Fig.10 Types of micro residual oil

4 结论与认识

(1)不同微观渗流孔喉类型样品的渗流特征差异显著。松辽盆地大情字井油田H⁃56区块为典型的低孔、特低渗储层,其岩性以粉砂岩为主,孔隙结构复杂,原生孔隙与次生孔隙共存,喉道以弯片状为主,不利于流体流动,填隙物以黏土矿物为主。27号样品孔隙度为18.57%,渗透率为11.74×10-3 μm2,孔喉连通性较好,CO2更易形成贯通型优势通道并实现对主通道附近孔隙的快速动用,剩余油主要以局部滞留形式存在;孔喉连通性是驱替效率的主控因素。5号样品孔隙度为13.14%,渗透率为0.86×10-3 μm2,孔喉连通性受限型,微细弯片状喉道占比高、连通性差导致驱替通道更易发生分割,剩余油更倾向于在基质微孔喉中形成分散滞留;改善连通性是提升剩余油动用程度的关键。CO2驱替实验结果表明,在5号样品中能提高采收率至66.98%,在27号样品中采收率可达75.32%,表明孔喉结构发育程度对CO2驱油效率具有重要影响。

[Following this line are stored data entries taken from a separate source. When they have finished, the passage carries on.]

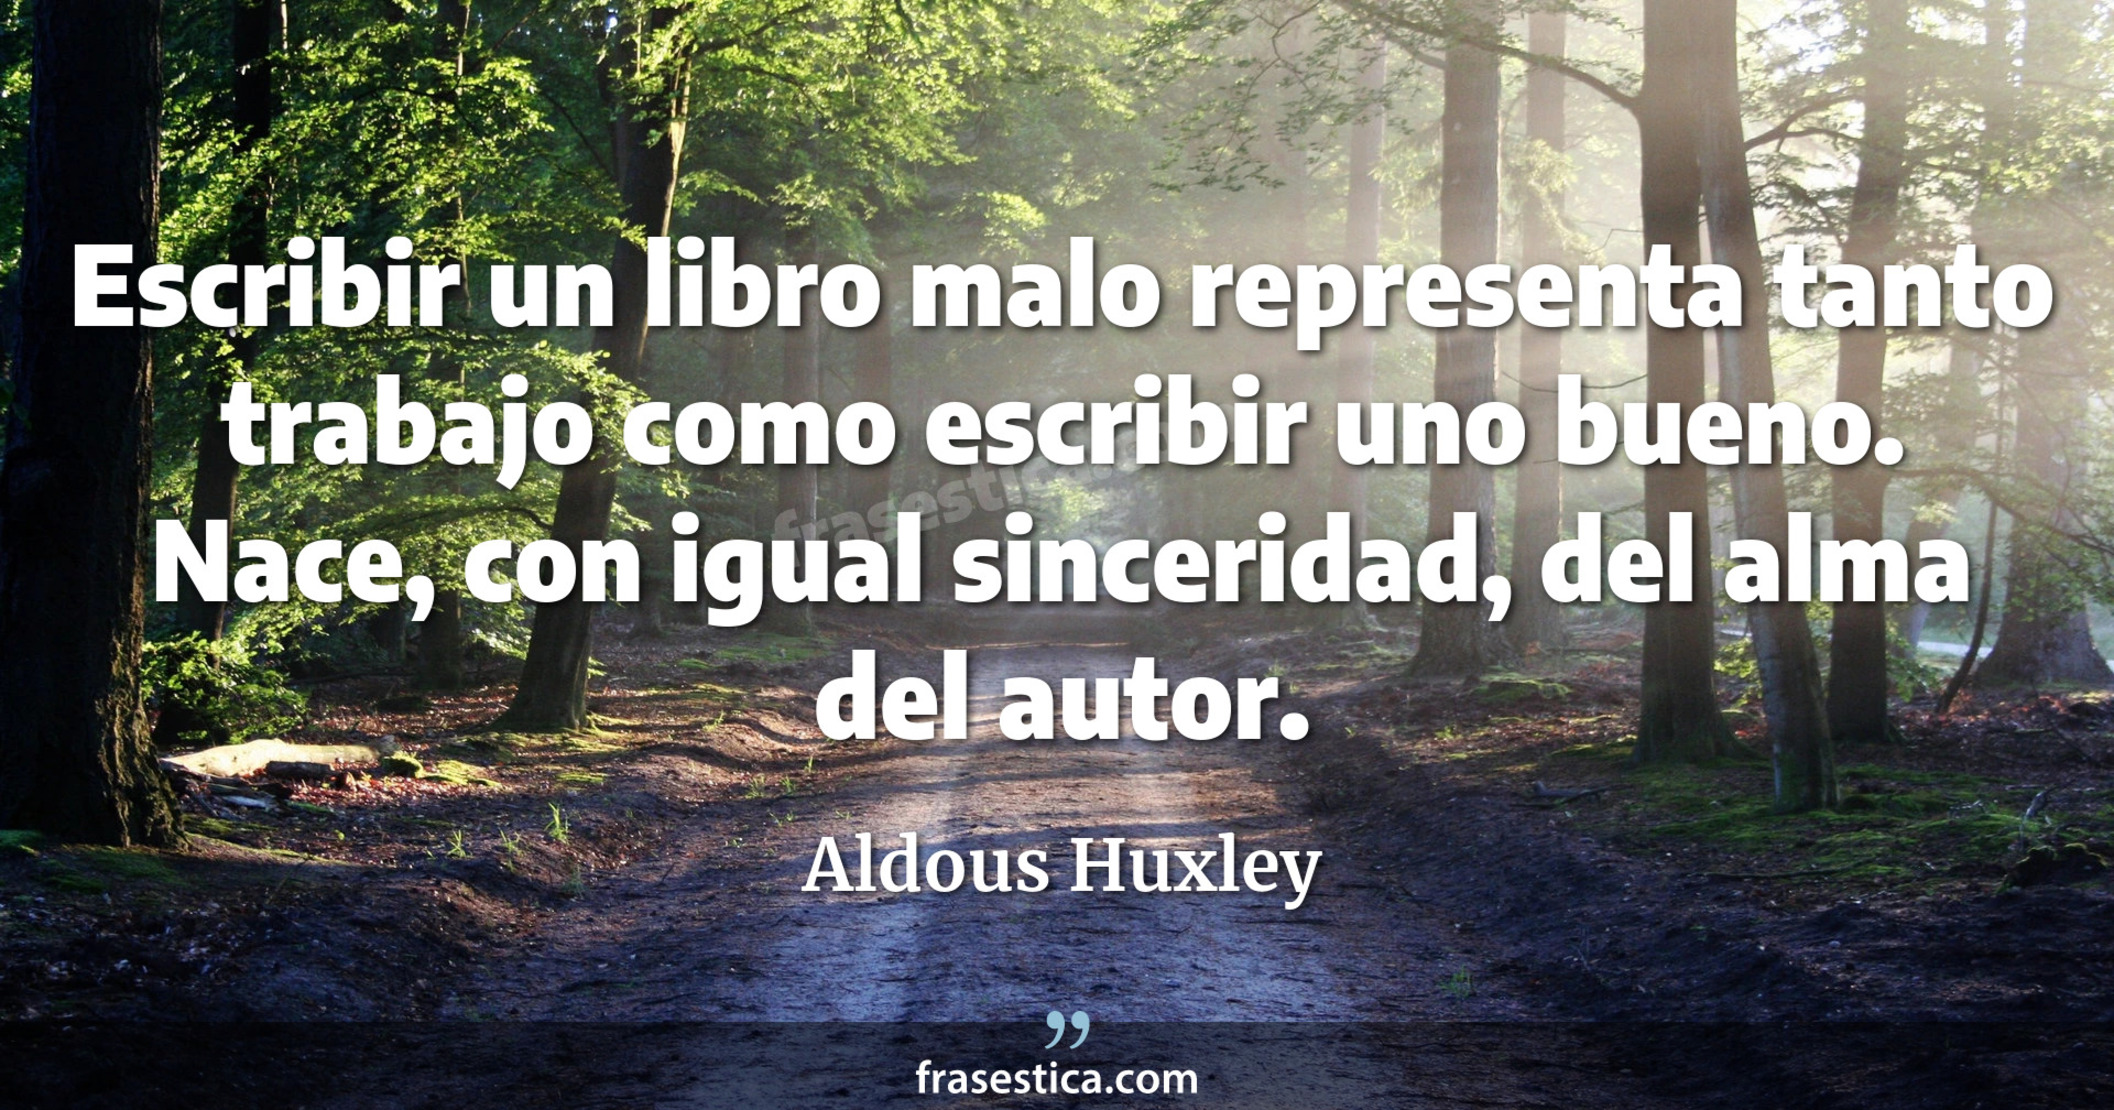 Escribir un libro malo representa tanto trabajo como escribir uno bueno. Nace, con igual sinceridad, del alma del autor. - Aldous Huxley
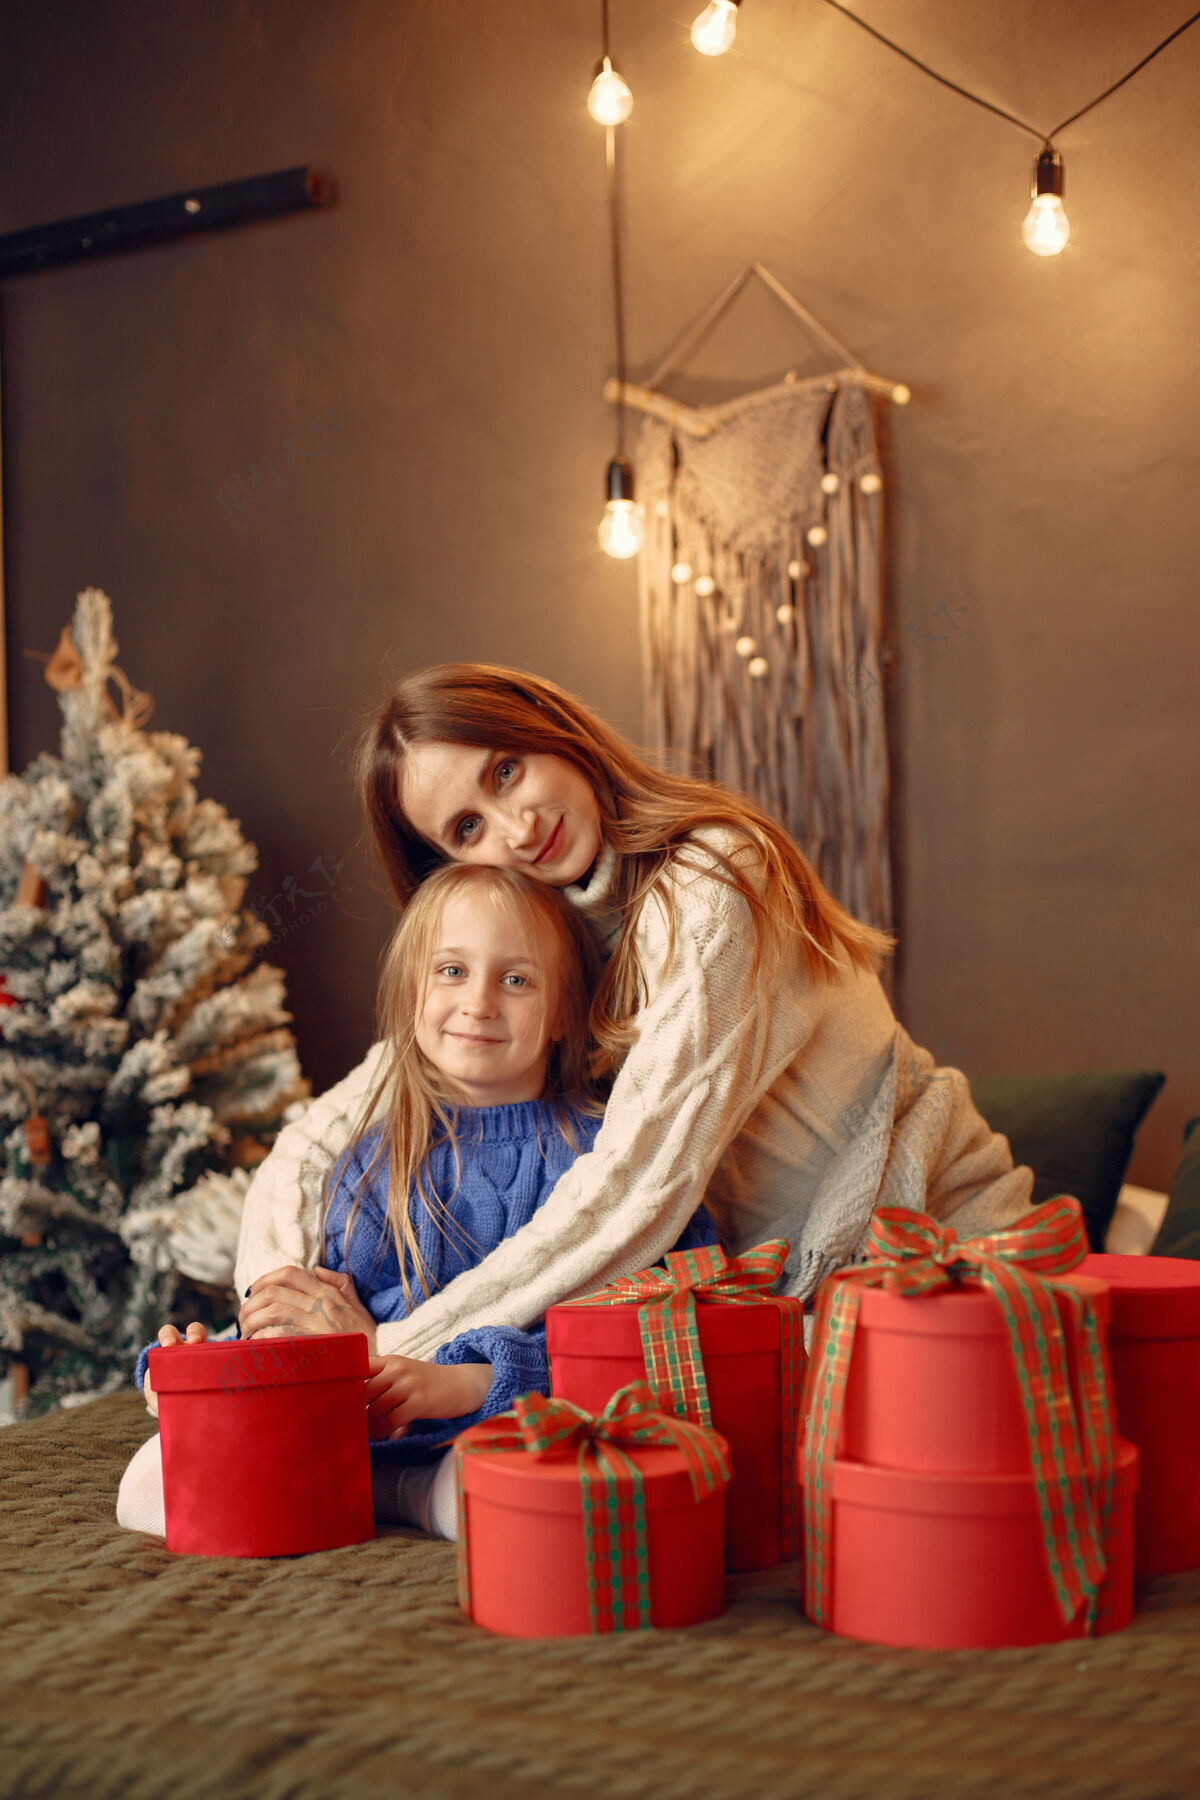 绿色人们在为圣诞节做准备母亲在和女儿玩耍一家人在节日的房间里休息孩子穿着蓝色毛衣碗礼物花环
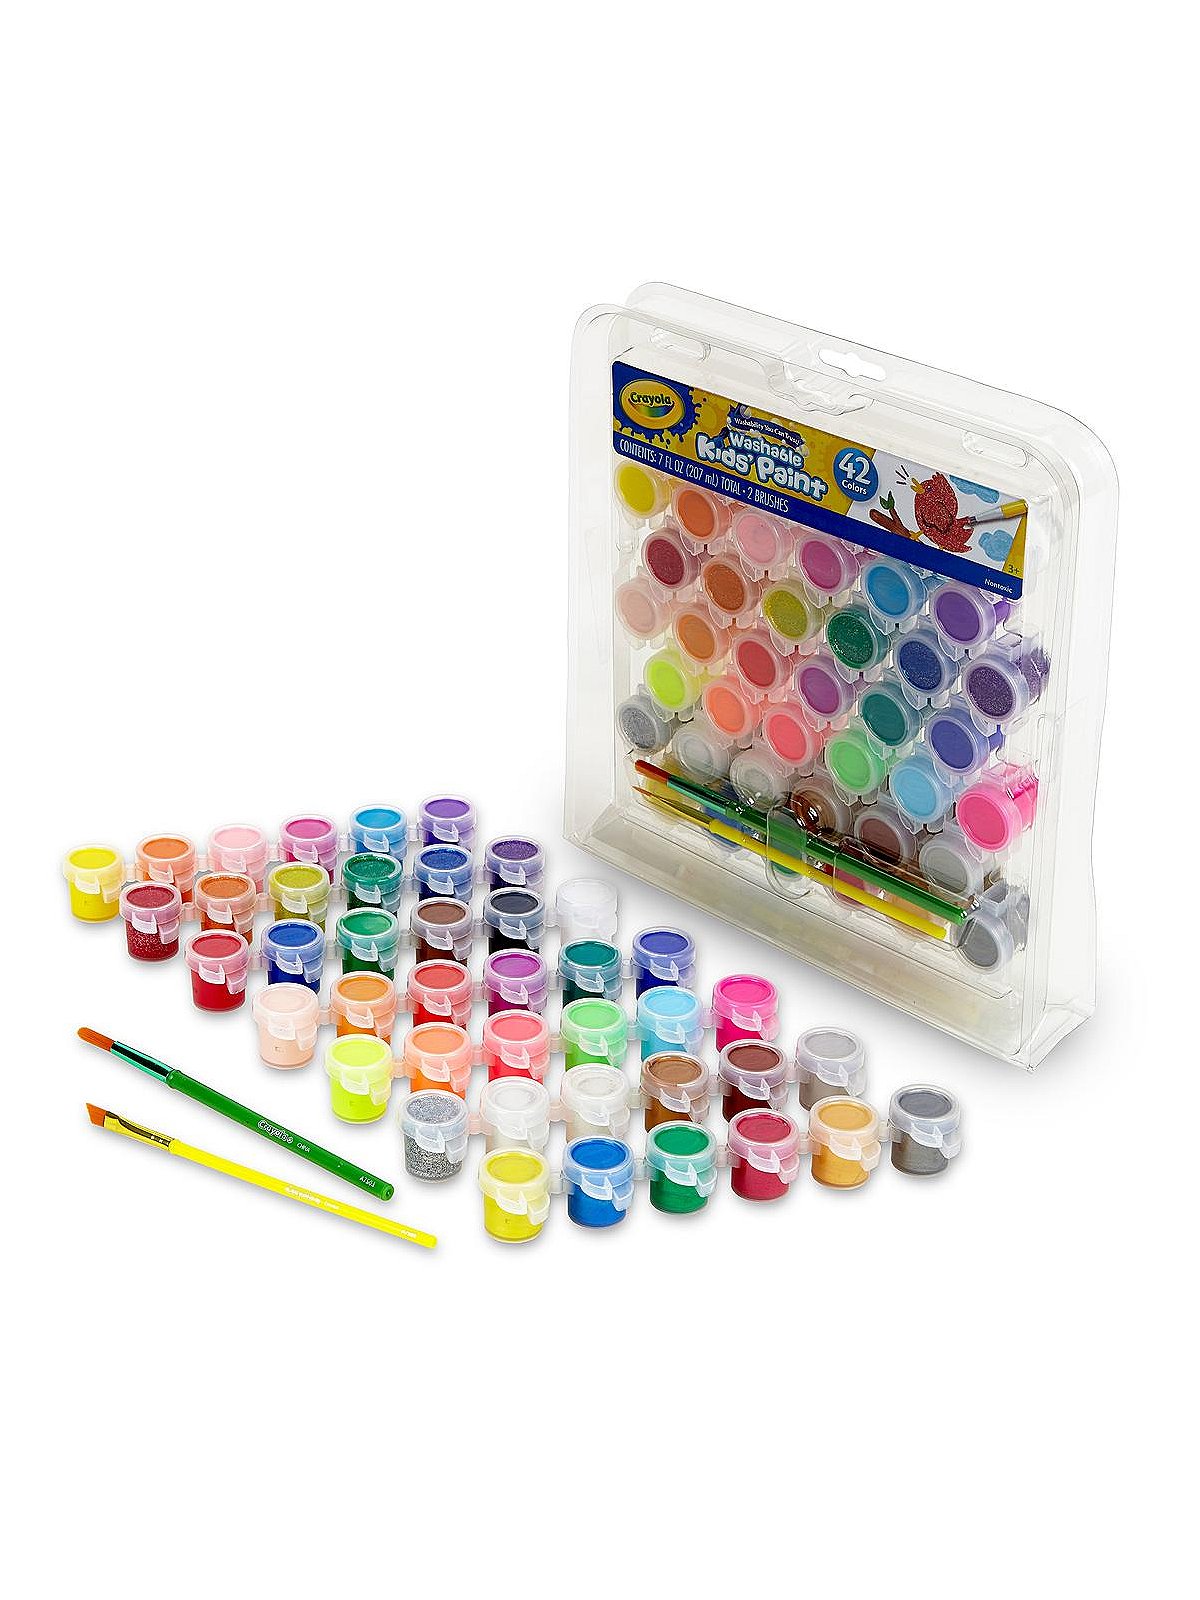 Crayola Washable Paint Set

(2)CO2驱替后,研究区剩余油主要呈孤岛状、连片状和簇状分布,其空间分布受控于微观孔隙结构。连通性较好型样品孔喉连通性较好,驱替前缘推进均匀,驱油效率高,可见膜状和孤岛状微观剩余油;连通性受限型样品孔喉尺寸虽然大,但分布不均匀且连通性差,驱替呈指状推进,驱油效率较低,剩余油以连片状和簇状为主。
(3)微观剩余油对比分析表明,物性结构较好的样品驱替后主要形成膜状和孤岛状微观剩余油,局部较大孔隙中可见独立的孤岛状油斑;在物性结构较差的样品中,由于小孔隙发育和填隙物填充造成孔喉尺寸受限,驱替不均匀,形成不同大小、形态不规则的连片状与簇状剩余油。微观孔喉结构的均质性与连通性是控制CO2驱油效率及剩余油分布形态的关键因素。
(4)基于上述微观通道演化与剩余油差异分布特征,可进一步提出面向不同孔喉结构类型的CO2注入参数优化建议。对于孔喉连通性较好型储层,CO2更易沿优势通道快速突破,现场实施中宜优先采用控压控速的注入制度,通过降低初期注入压力以稳定驱替前缘,并可结合水气交替(WAG)注入抑制主通道窜流。对于孔喉连通性受限型储层,宜在不超过地层承压与破裂压力约束下,采用逐级升压增强CO2进入微细孔喉的能力并延长与基质的接触时间,从而促进剩余油动用。
需要指出的是,本文研究基于2块典型样品建立真实岩心微观模型,所取得的认识主要用于阐明不同孔喉结构类型下CO2驱替差异的孔隙尺度机理,后续将结合更多岩心样本与统计分析进一步验证与完善。